Open-source Large Language Models (LLMs) must catch up to their closed-source counterparts regarding capabilities and performance. Meta, which is a pioneer in making open-source LLMs available, is not giving up and is once again challenging closed counterpart models like Claude 3.5 Sonnet and GPT-4o by OpenAI. Meta is pioneering this change in open-source AI by releasing Llama 3.1 405B, the most advanced and powerful openly available model. Can this model certainly rival the top closed AI models?
Introducing the Next Open-Source AI Generation: Llama 3.1 Models
The Llama 3.1 405B is a significant advancement in open-source AI. By releasing the Llama 3.1 model with 405B parameters, Meta challenges the best-closed models in general knowledge, math, tool use, steerability, and multilingual translation. This release marks a new era of innovation and possibilities. Alongside the 405B, Meta introduces updated versions of the 8B and 70B models. These updates bring better multilingual support, a longer context length of 128K, and stronger reasoning skills. Meta’s Llama 3.1 models’ family will perform better on complex tasks like summarizing long texts, multilingual conversations, and coding help.
You can download this collection of Llama 3.1 models from llama.meta.com and Hugging Face.
Model Card: Key Highlights
The Meta Llama 3.1 is a series of pretrained generative, multilingual large language models (LLMs). Models are available in 8B, 70B, and 405B sizes. It is a brand new model series released on July 23, 2024.
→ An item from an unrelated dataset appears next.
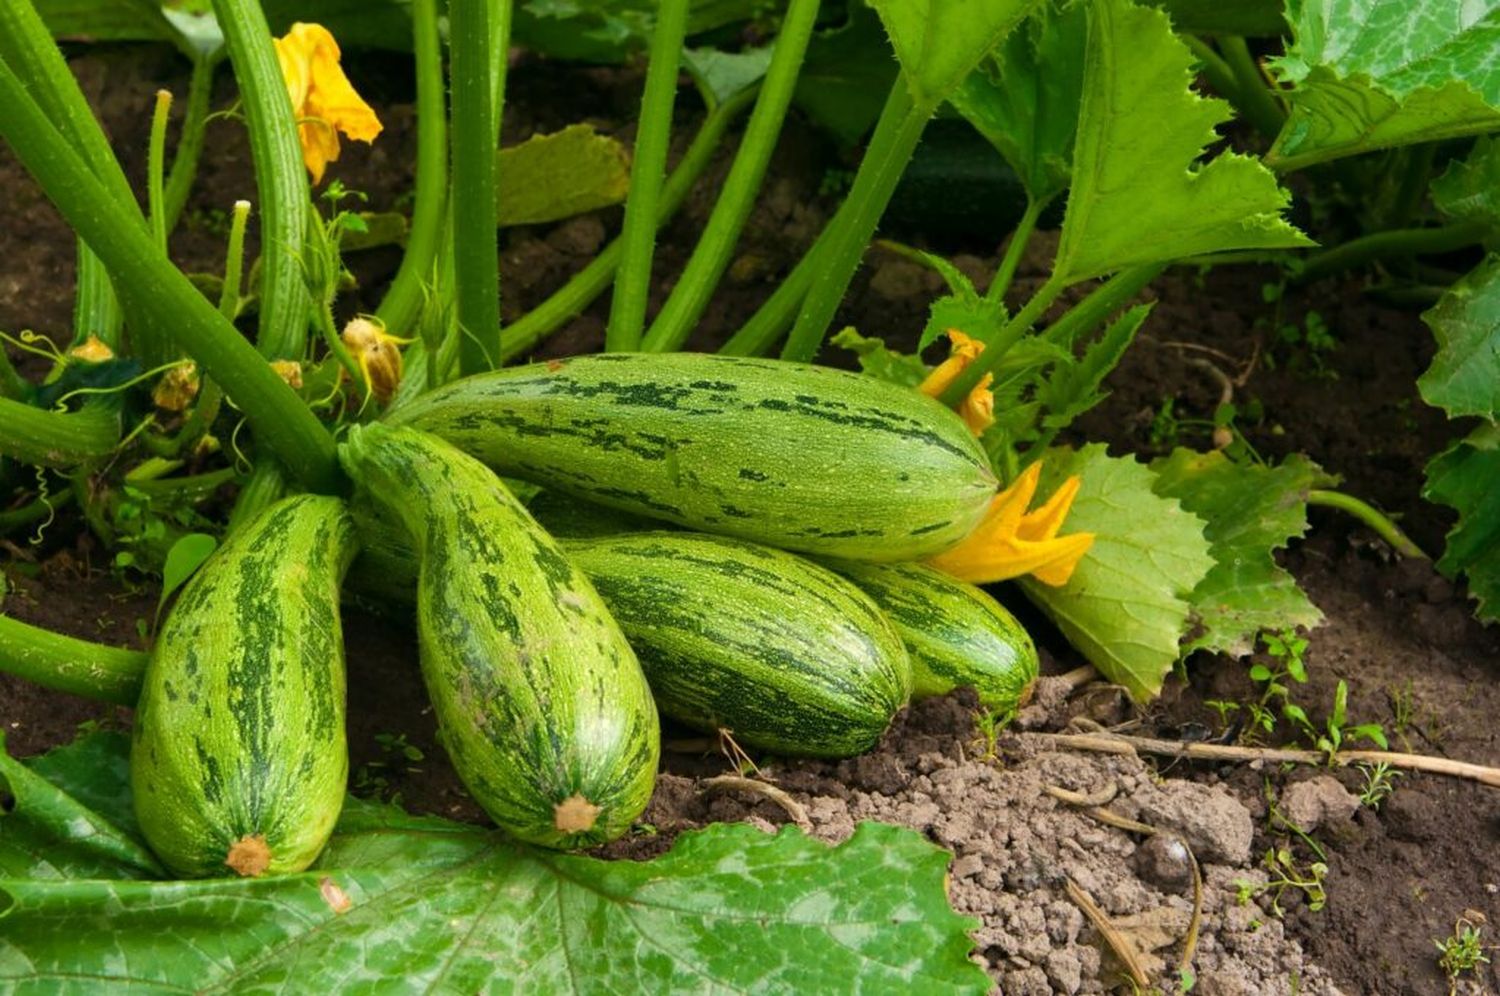 Courgettes: how to grow, care for and harvest

Supported Languages: English, German, French, Italian, Portuguese, Hindi, Spanish, and Thai. (I hope that one day also Polish will be available)
| Training Data | Params | Input modalities | Output modalities | Context length | Knowledge cutoff |
|---|---|---|---|---|---|
| A new mix of publicly available online data. | 8B | Multilingual Text | Multilingual Text and code | 128k | December 2023 |
| A new mix of publicly available online data. | 70B | Multilingual Text | Multilingual Text and code | 128k | December 2023 |
| A new mix of publicly available online data. | 405B | Multilingual Text | Multilingual Text and code | 128k | December 2023 |
Training Data: Llama 3.1 was pretrained on approximately 15 trillion tokens from publicly accessible data. It utilized publicly available instruction datasets and over 25 million synthetically generated examples for fine-tuning. The cutoff of knowledge from this data is December 2023.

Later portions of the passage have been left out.